Further down are entries; set down exactly and only the lines from the one with "Francis, the comic" up to and including the one with "Woman in white top in kitchen", dropping each picture.
SUPPLIED MATERIAL: Begin
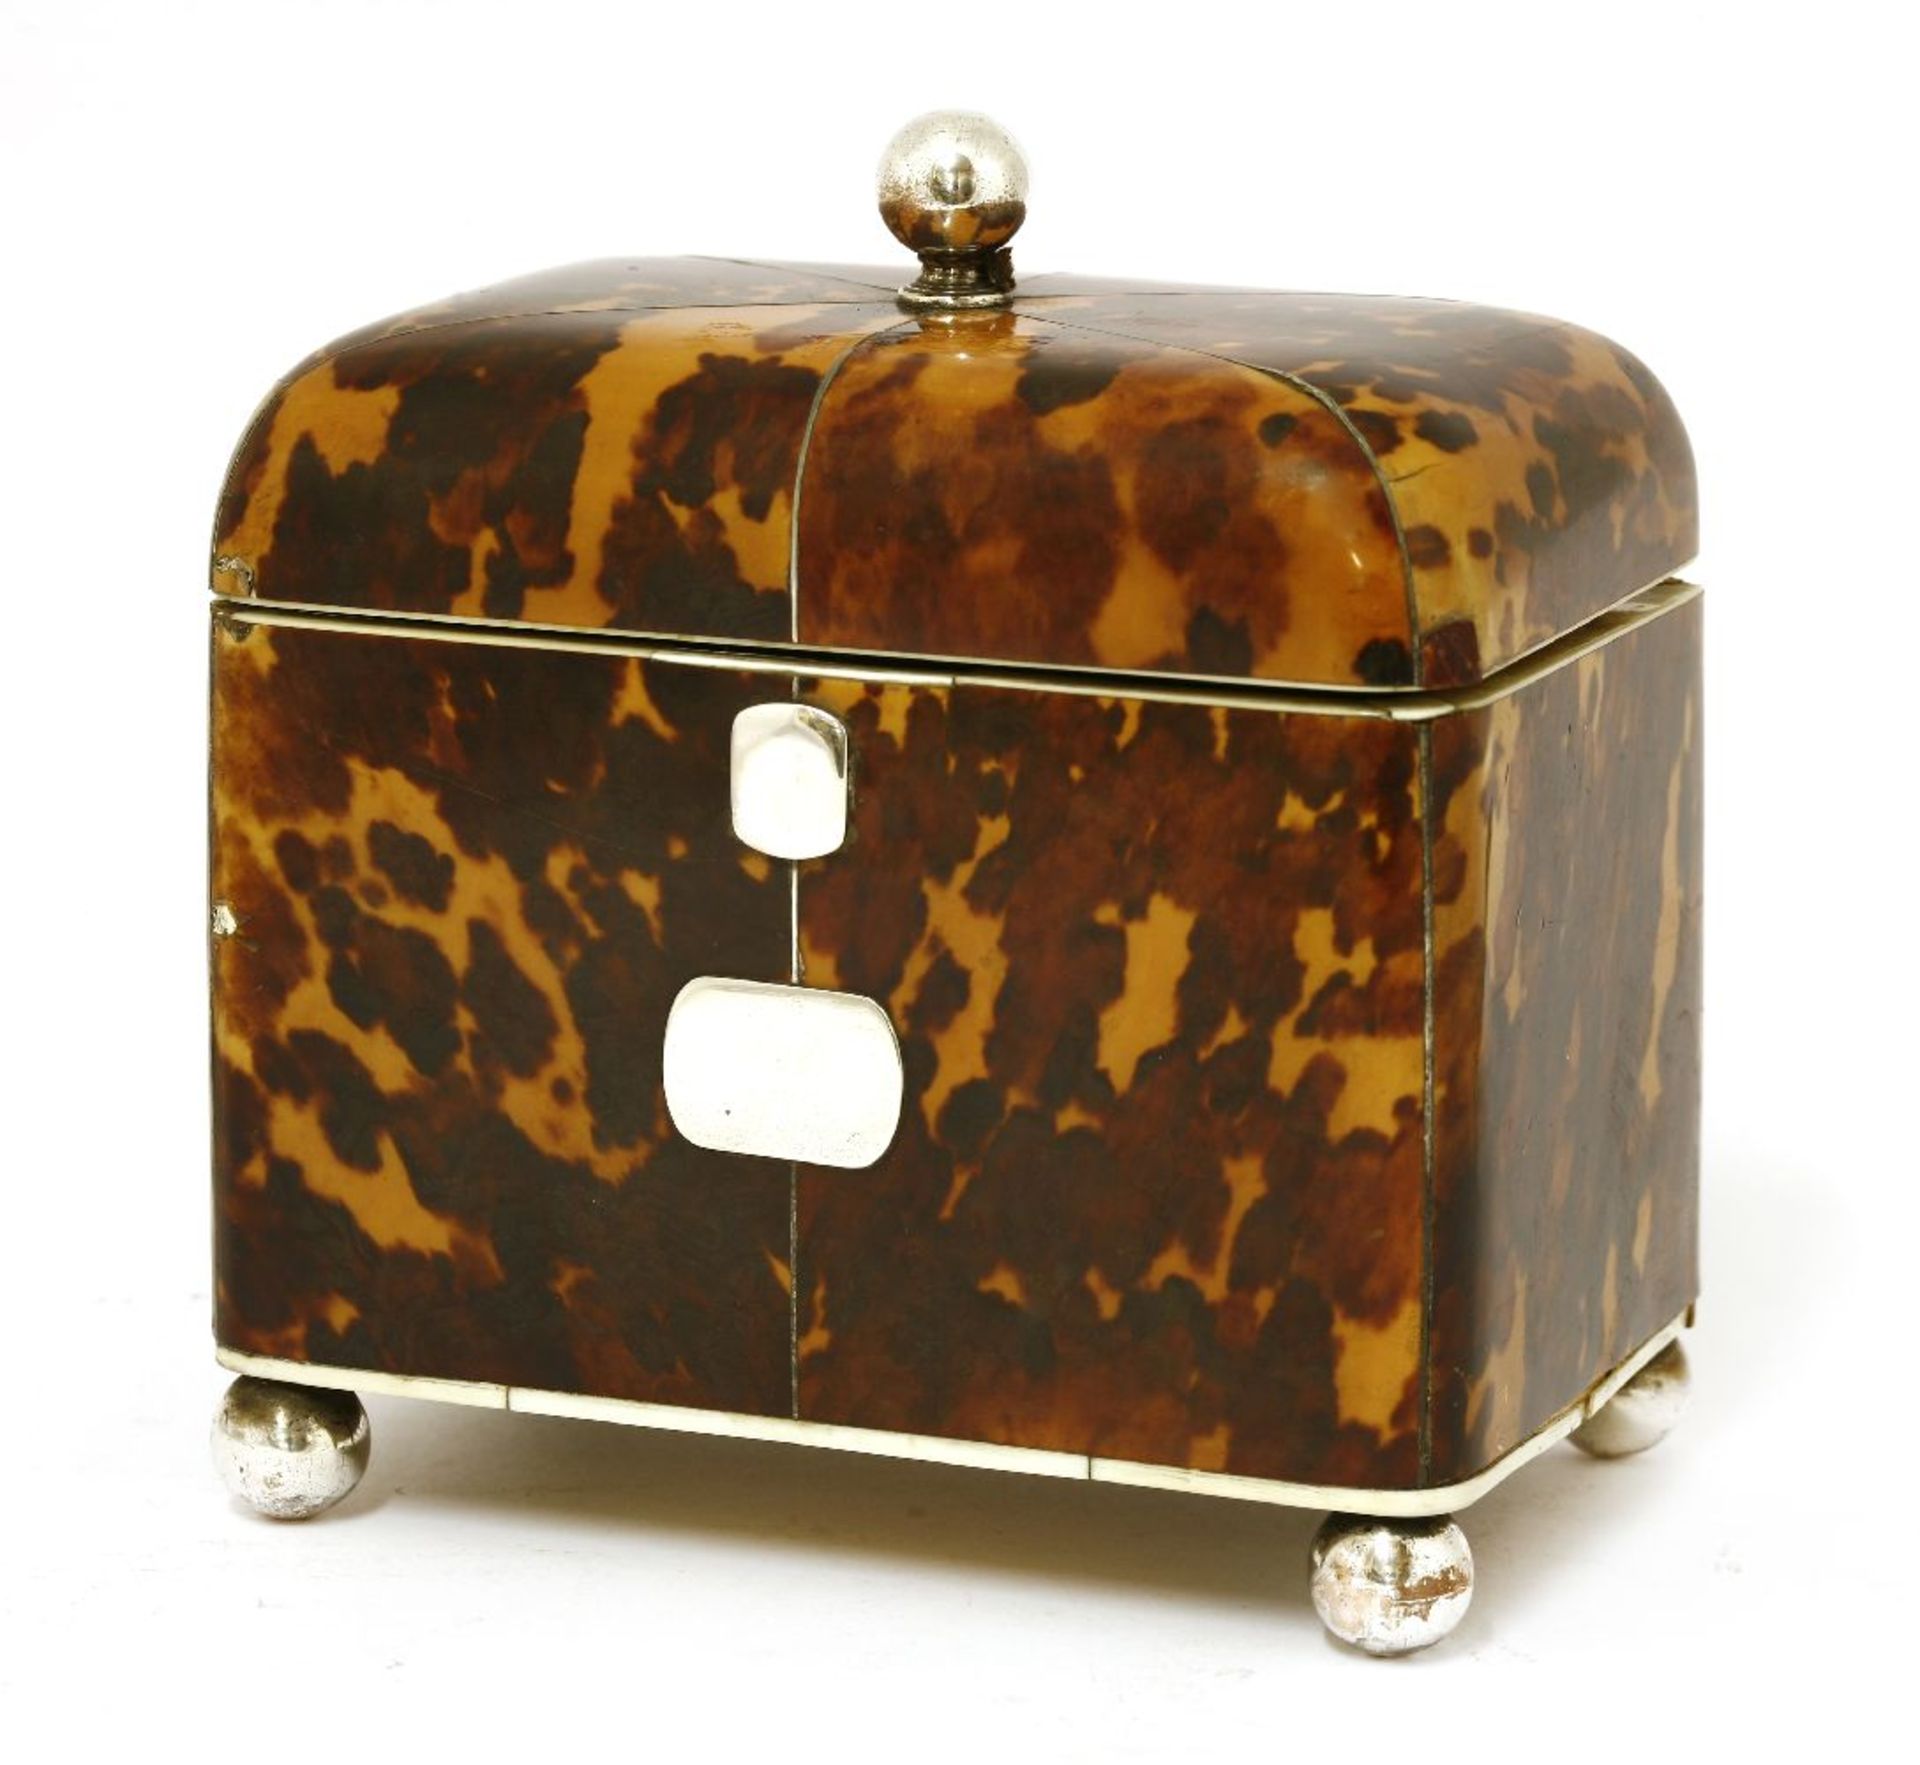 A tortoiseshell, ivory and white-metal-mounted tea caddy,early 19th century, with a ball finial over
SUPPLIED MATERIAL: End
SUPPLIED MATERIAL: Begin
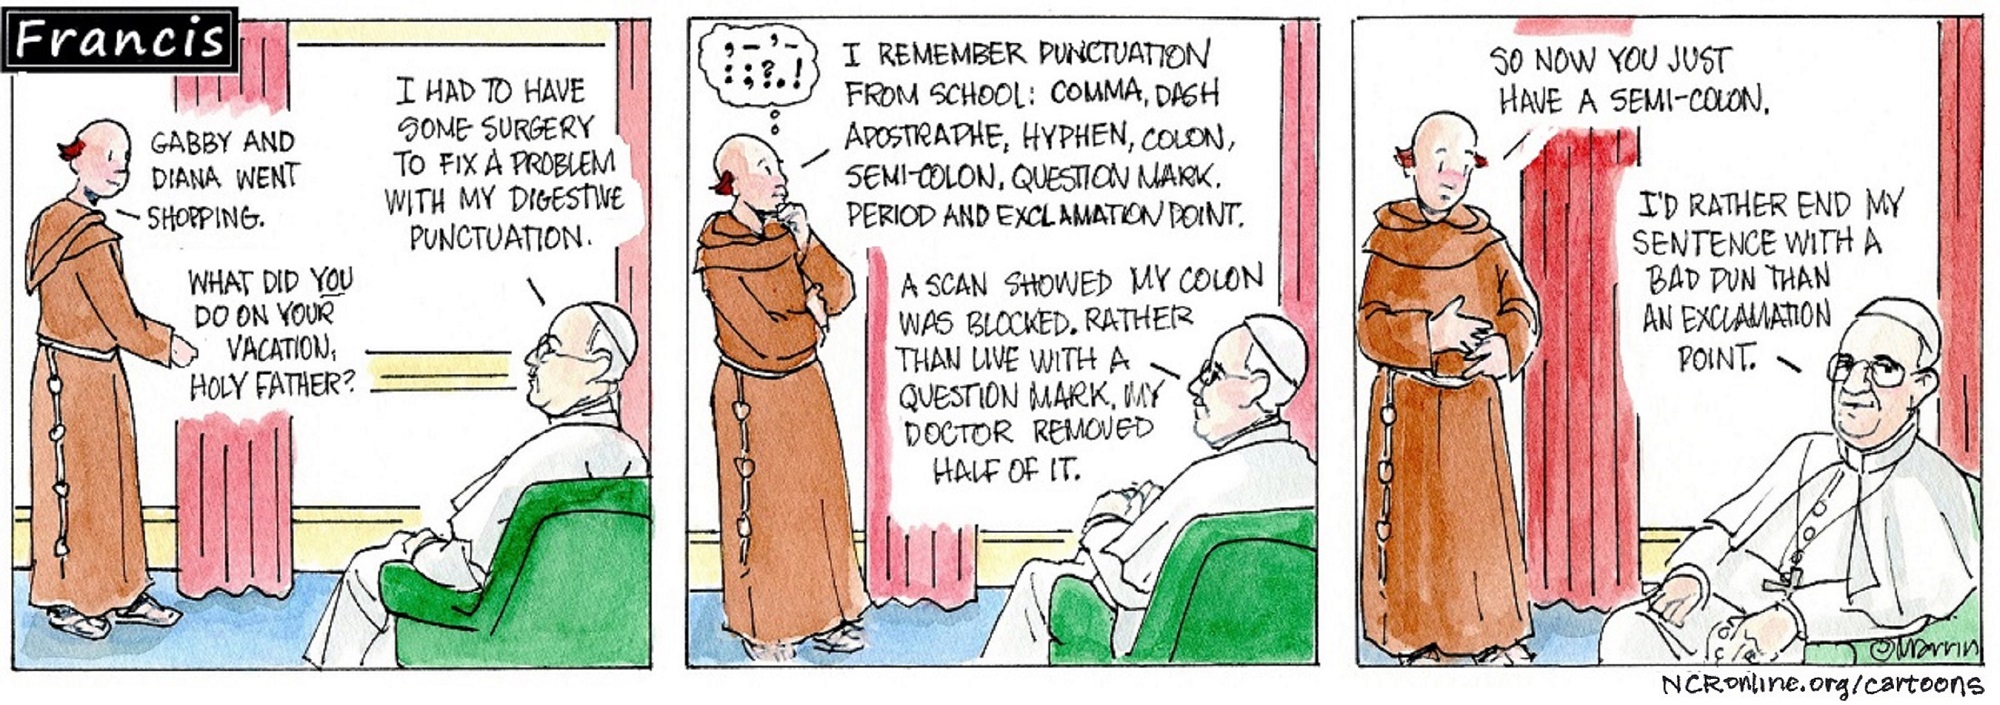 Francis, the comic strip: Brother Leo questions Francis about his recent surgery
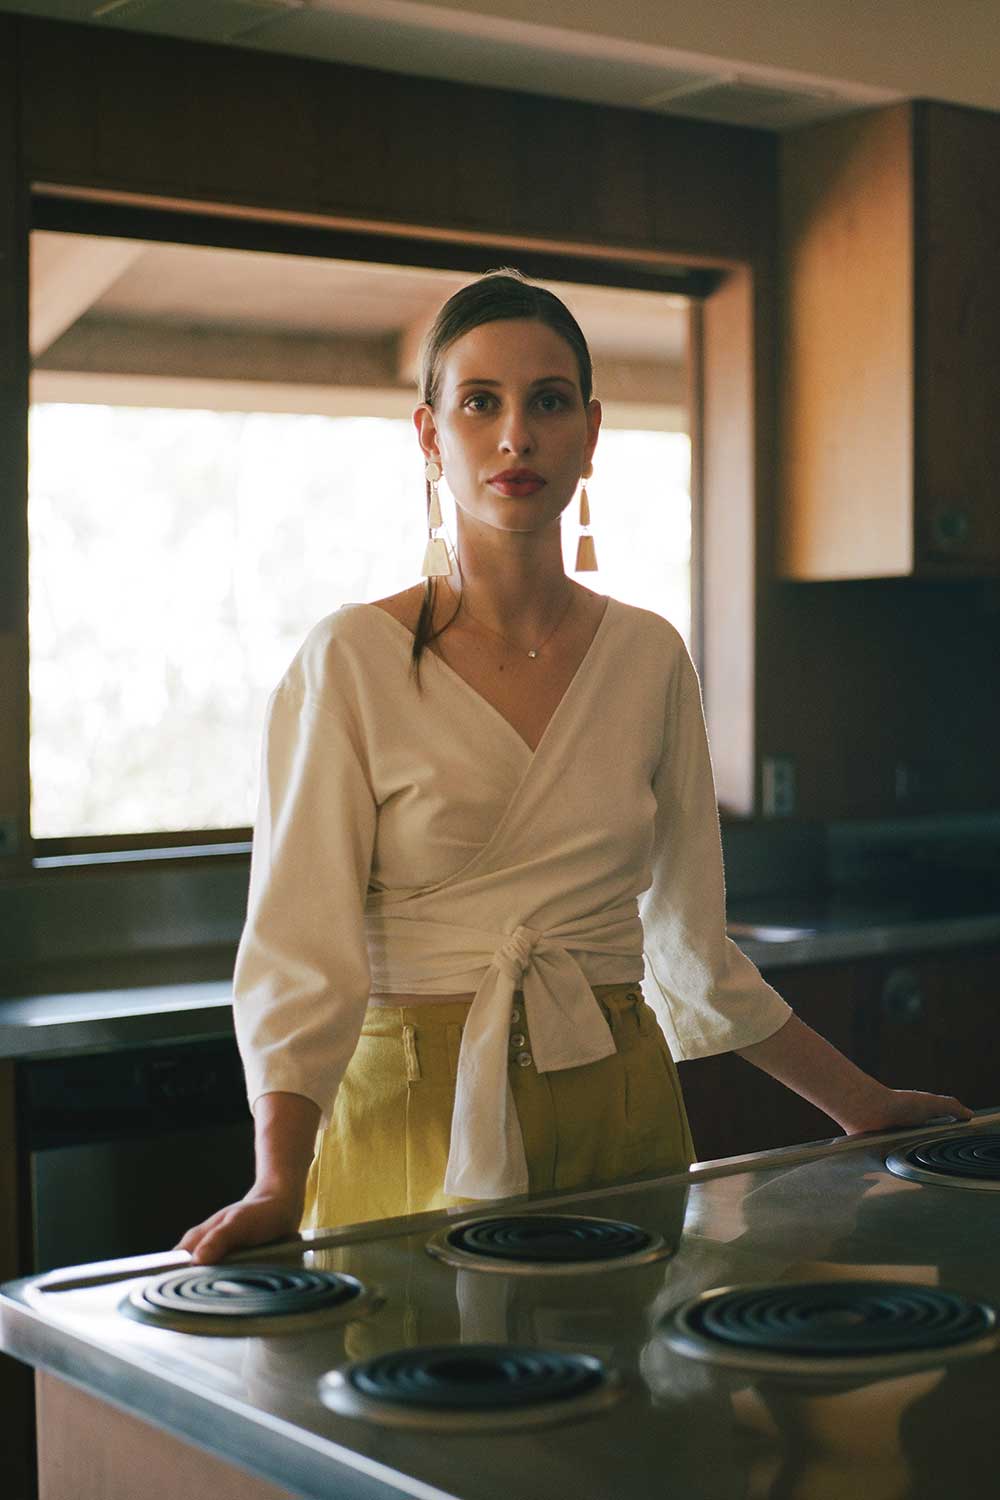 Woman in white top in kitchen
SUPPLIED MATERIAL: End
SUPPLIED MATERIAL: Begin
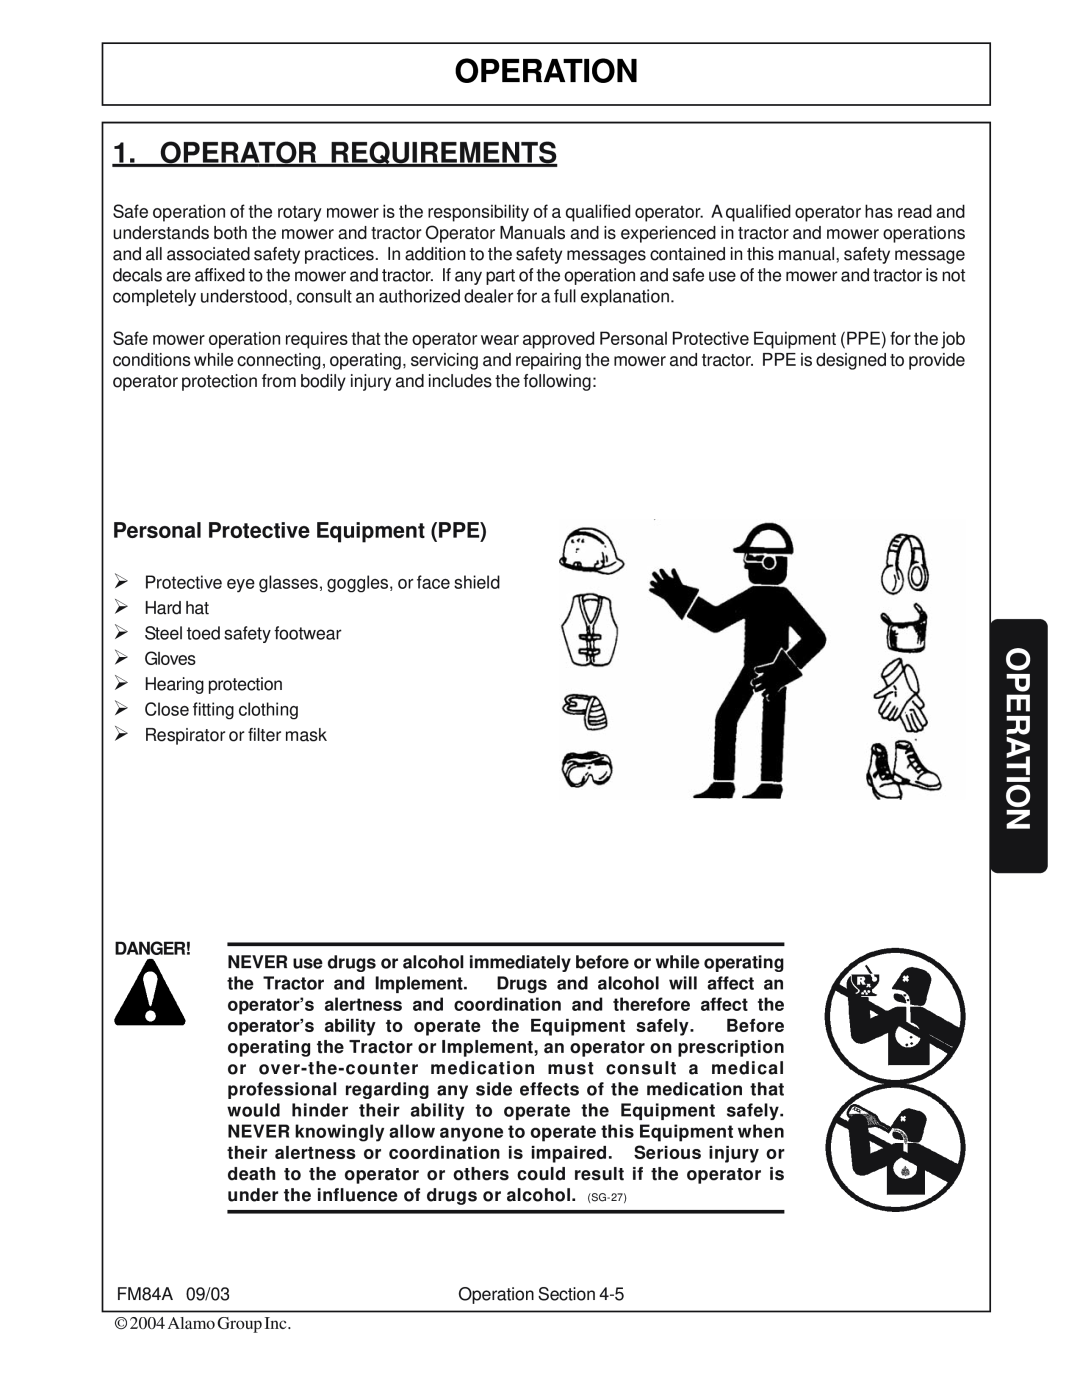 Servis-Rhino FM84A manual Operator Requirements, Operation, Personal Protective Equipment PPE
SUPPLIED MATERIAL: End
▶ _SOLUTION FOR THIS TASK_:
 Francis, the comic strip: Brother Leo questions Francis about his recent surgery
 Woman in white top in kitchen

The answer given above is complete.